D'Souza, until a few month ago a relatively unfamiliar face in TV news, has come up with a big match. It was introduced as the face of the Times Group-owned Mirror Now when it was introduced in its new shape in April. In comparison to the advertising campaign of the affiliated channels Times Now, the promotion for Mirror Now was low and restrained.

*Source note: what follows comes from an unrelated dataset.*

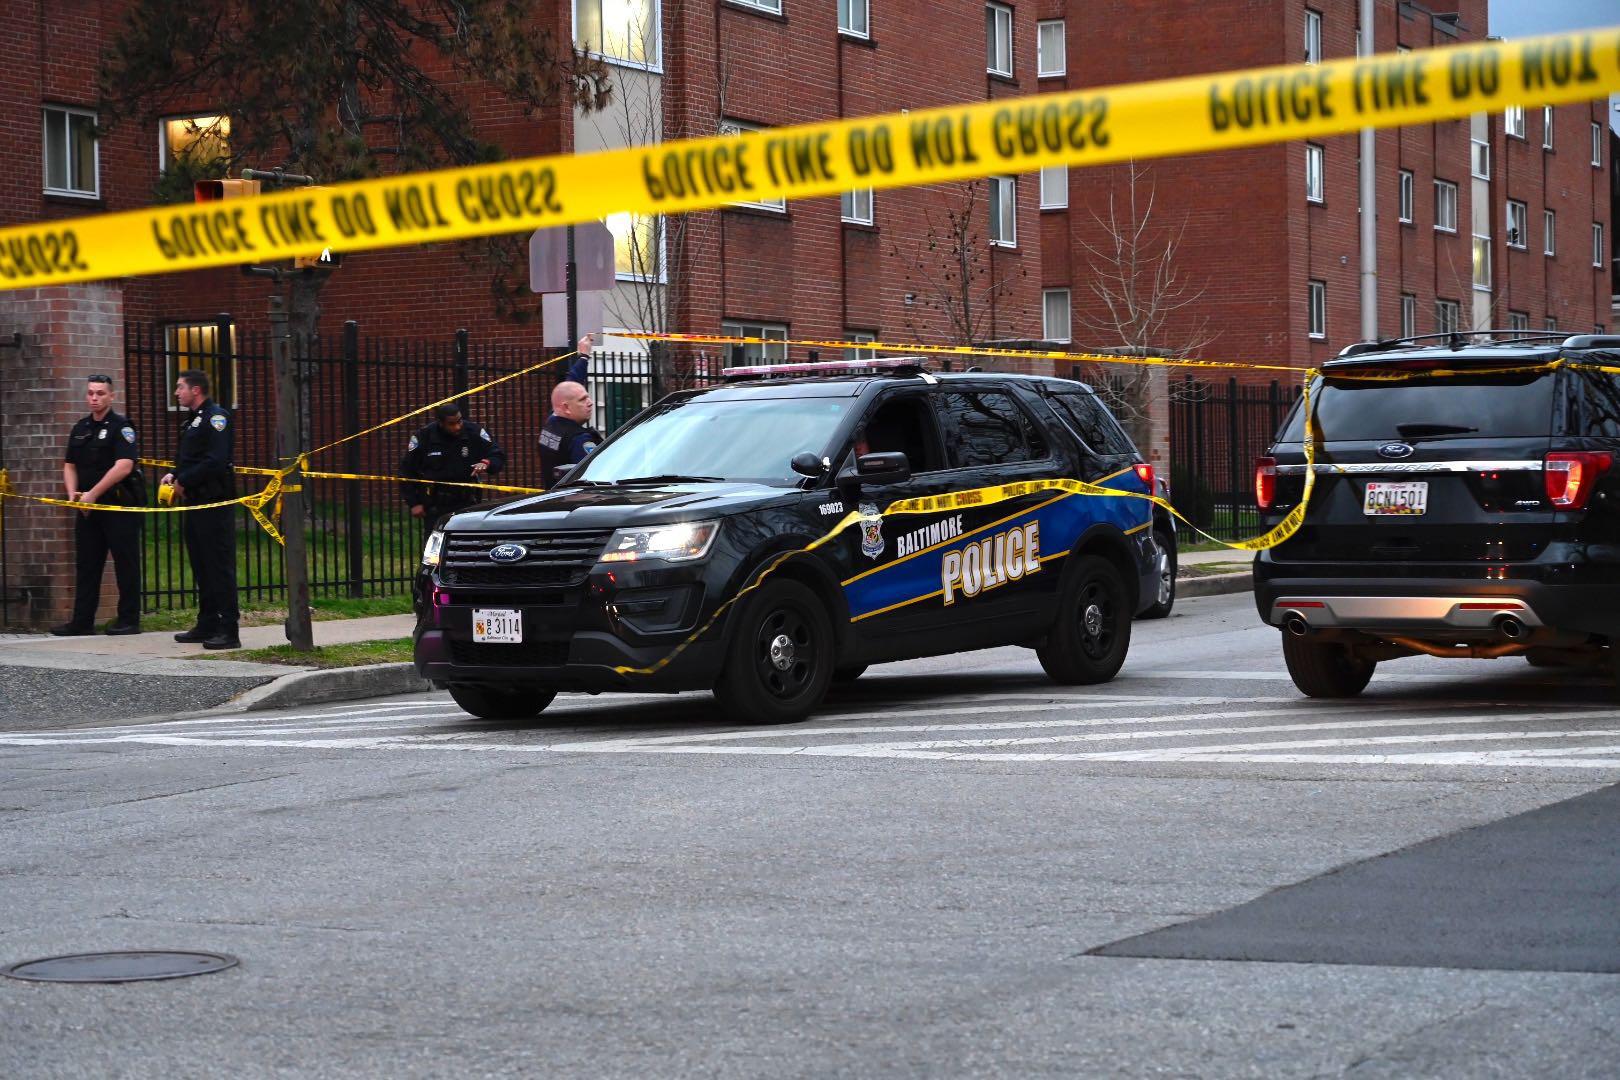 7 people shot near elementary school in Baltimore: police

However, one videotape became virtual, and then another, and all of a sudden there was this unspeakable thing named Momentum. D'Souza, who was raised in Bengaluru and majored in media studies at Mount Carmel College, got her first front page assignment at CNBC TV18 in 2003. D'Souza has a concise, modest way of speech and a vocal style that she once thought would be used on the airwaves.
She spent two years reading the news for All India Radio in Bengaluru when she was in colleges. D'Souza has a workforce of about 50 reporters at its headquarters in Mumbai, a relatively small number in comparison to the employees of most other media outlets. Mirror Now primarily uses the ET Now affiliate TV networks for Times Now's manufacturing operations management supports and reporters.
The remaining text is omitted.